# [Your task]
An exact copy of the data below is needed; please leave out any pictures.

# [Data block]
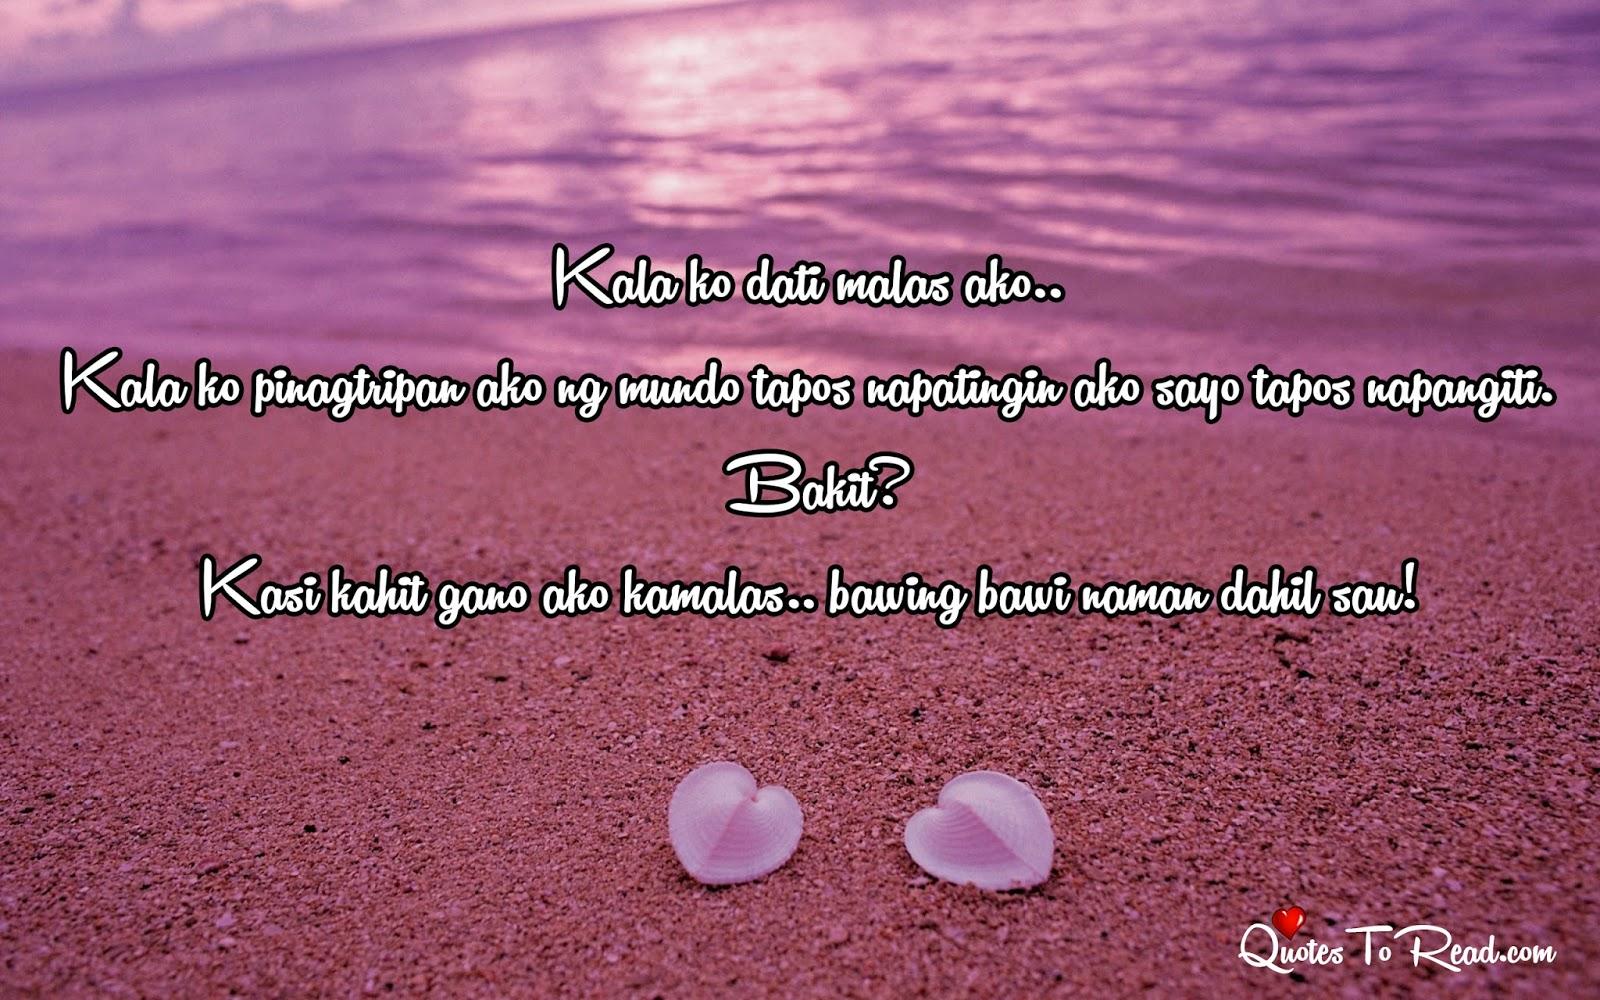 Tagalog Love Quotes Tagalog Love Quotes  Quotes To Read
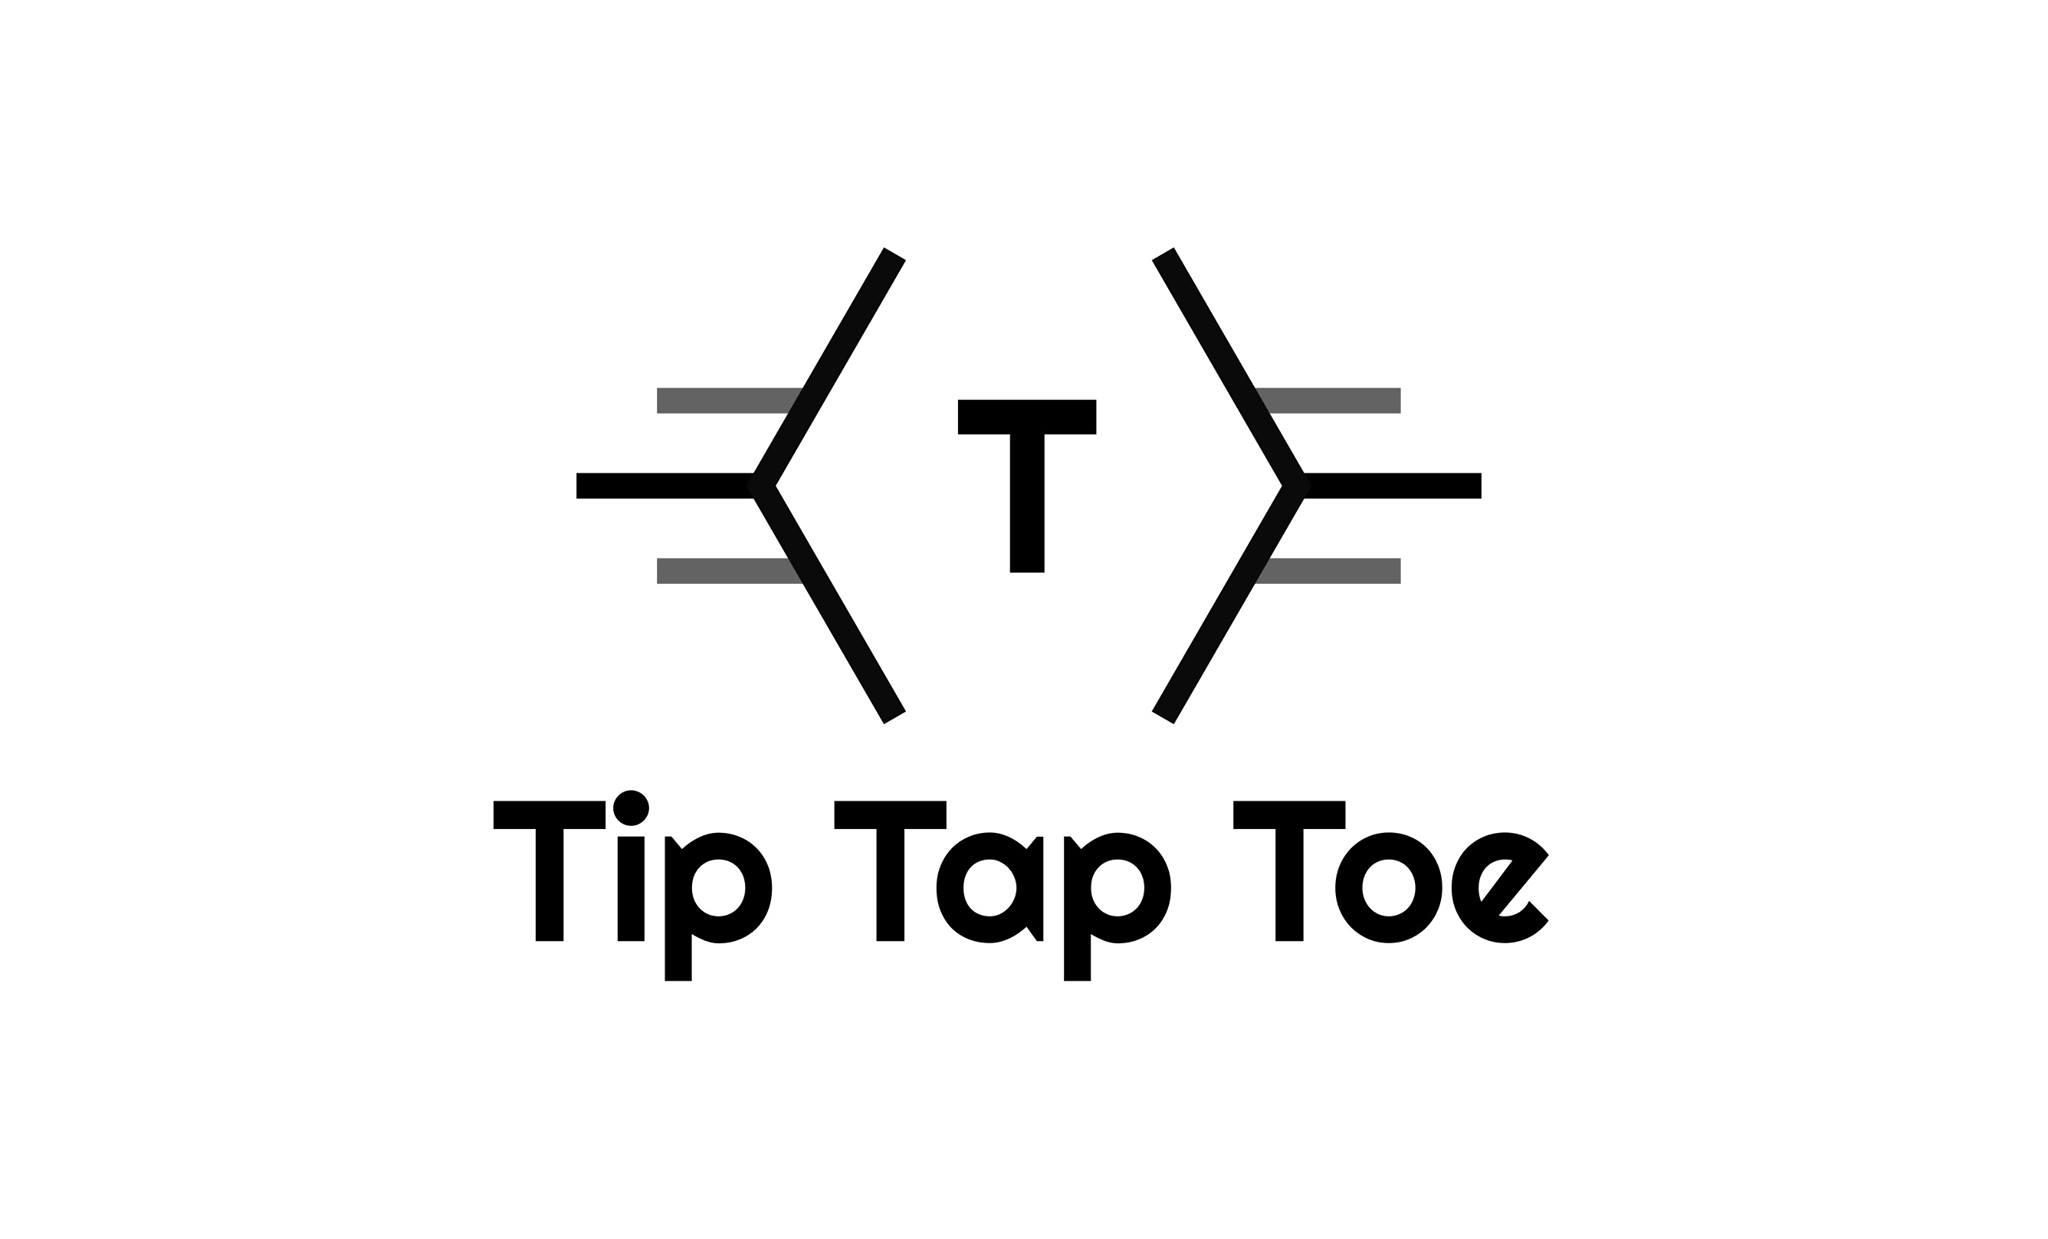 Tip Tap Toe
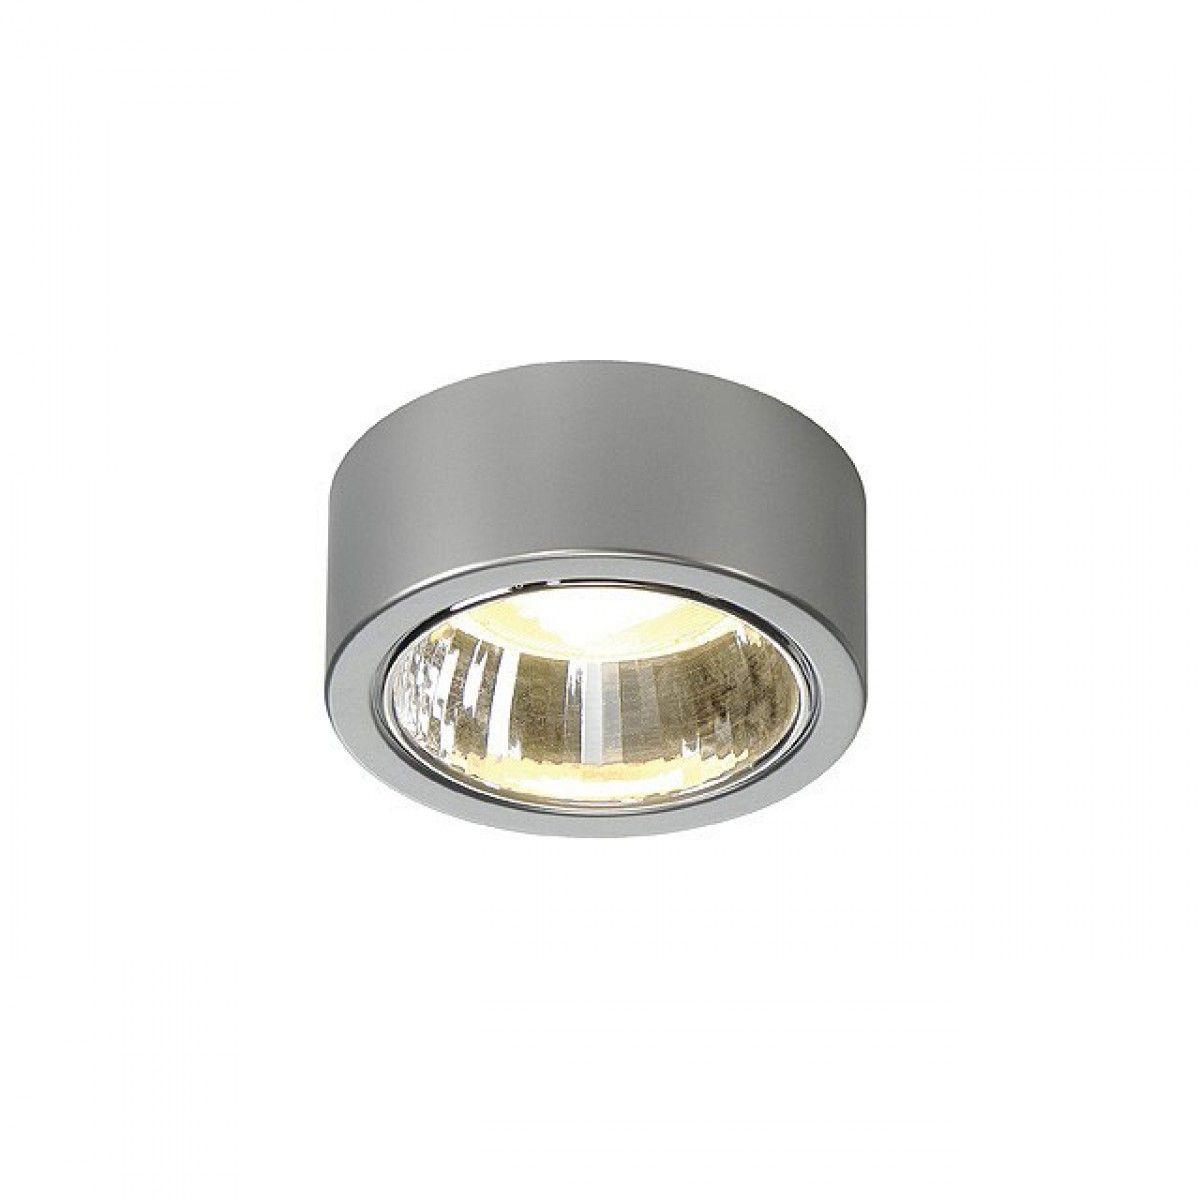 Inbouw en Opbouw Spots - Opbouwspot, CL 101 GX53, rond, zilver ...

# [Exercise result]
 Tagalog Love Quotes Tagalog Love Quotes  Quotes To Read
 Tip Tap Toe
 Inbouw en Opbouw Spots - Opbouwspot, CL 101 GX53, rond, zilver ...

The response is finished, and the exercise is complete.